9 years ago

imagine a web that is more than a marketing tool

Remember the idea that the user agent decides how to render a page? Accessibility is important, but it's not all: we already settled with and got used to making and consuming websites aimed at manipulating the user, either in a friendly, fun way, or in more sinister ways.

If the textures and fonts, the shape and colors of buttons (or "calls to action", as people who enjoy making me puke in my mouth a little call it) are really that essential to "the experience", what does that say about what people are actually writing?

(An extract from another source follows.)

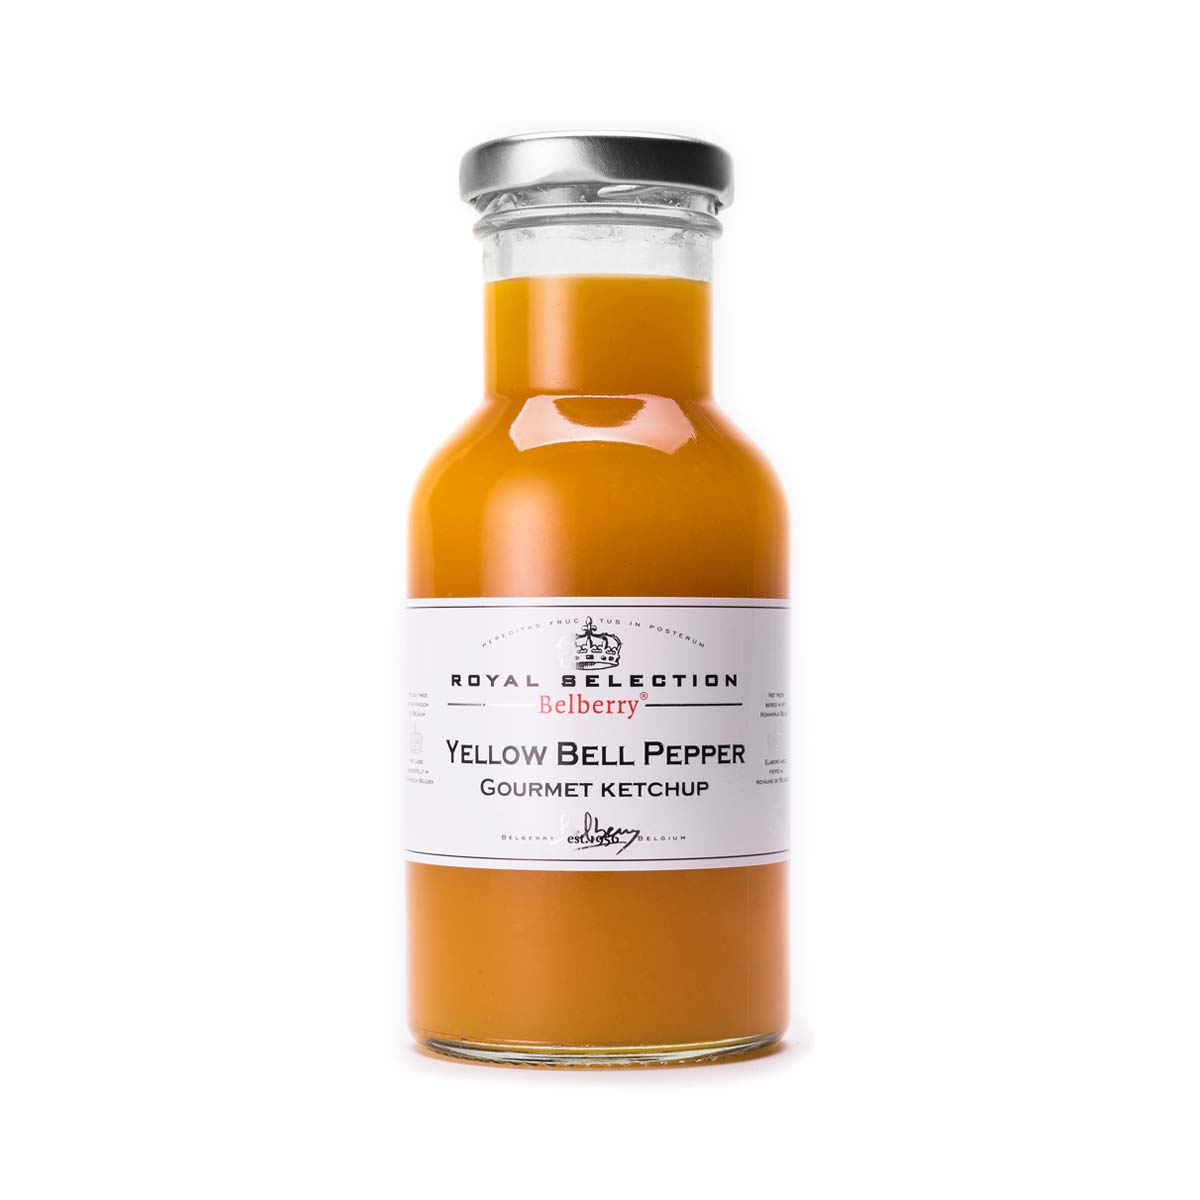 Yellow Bell Pepper Gourmet Ketchup

I am not a writer, not even a bad one; but take the collection of quotes I keep accumulating: you may find them wise or tacky, but at any rate, it doesn't fucking matter what the colors or fonts are, as long as it's somewhat readable. Yet we are now in an age where a person can conceivably utter a phrase like "compelling use of fonts" and not even blush.
Tagsweb development
 10 years ago
Why do websites seem to be evolving not like sneakers or buildings or toothbrushes (= usable, recognizable, but wildly varying in design), but more like an AK-47? Because "cheap and fast to produce, high rate of conversions" is all there is to making a website? Then why not skip to injecting ad-bots that assemble themselves out of waste directly in the brain?

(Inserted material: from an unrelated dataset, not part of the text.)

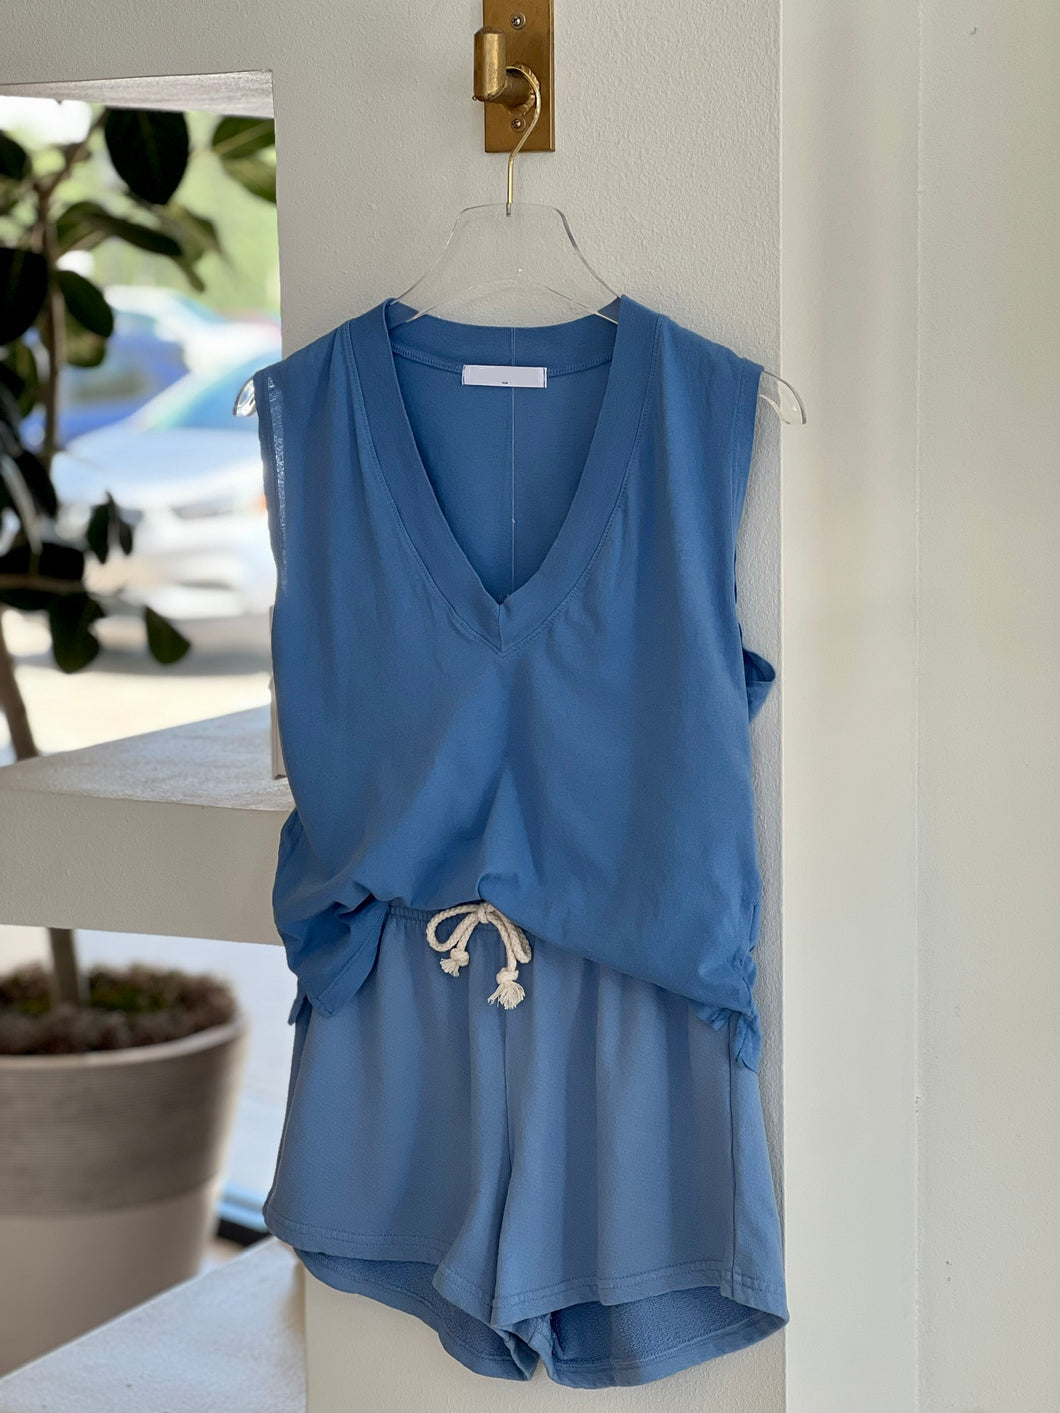 Cotton Set - Blue Sleeveless Top & Short

How did the web invented by universities to exchange information and used by people to communicate turn this hellhole of pamphlets and parrots, and so fast? How the fuck is Twitter an actual thing, and not a joke in an advanced society about how primitive lifeforms might use computing machines? Not that I mean to pick on Twitter, I was just grabbing a random thing out of this bag of bullshit.
 10 years ago
The desire to keep everything around forever, untouched, seems to be an inability to organize and distill; or at least an unwillingness try and find out it's possible. The web as an endless roll of toilet paper rather than a library is a really sad development.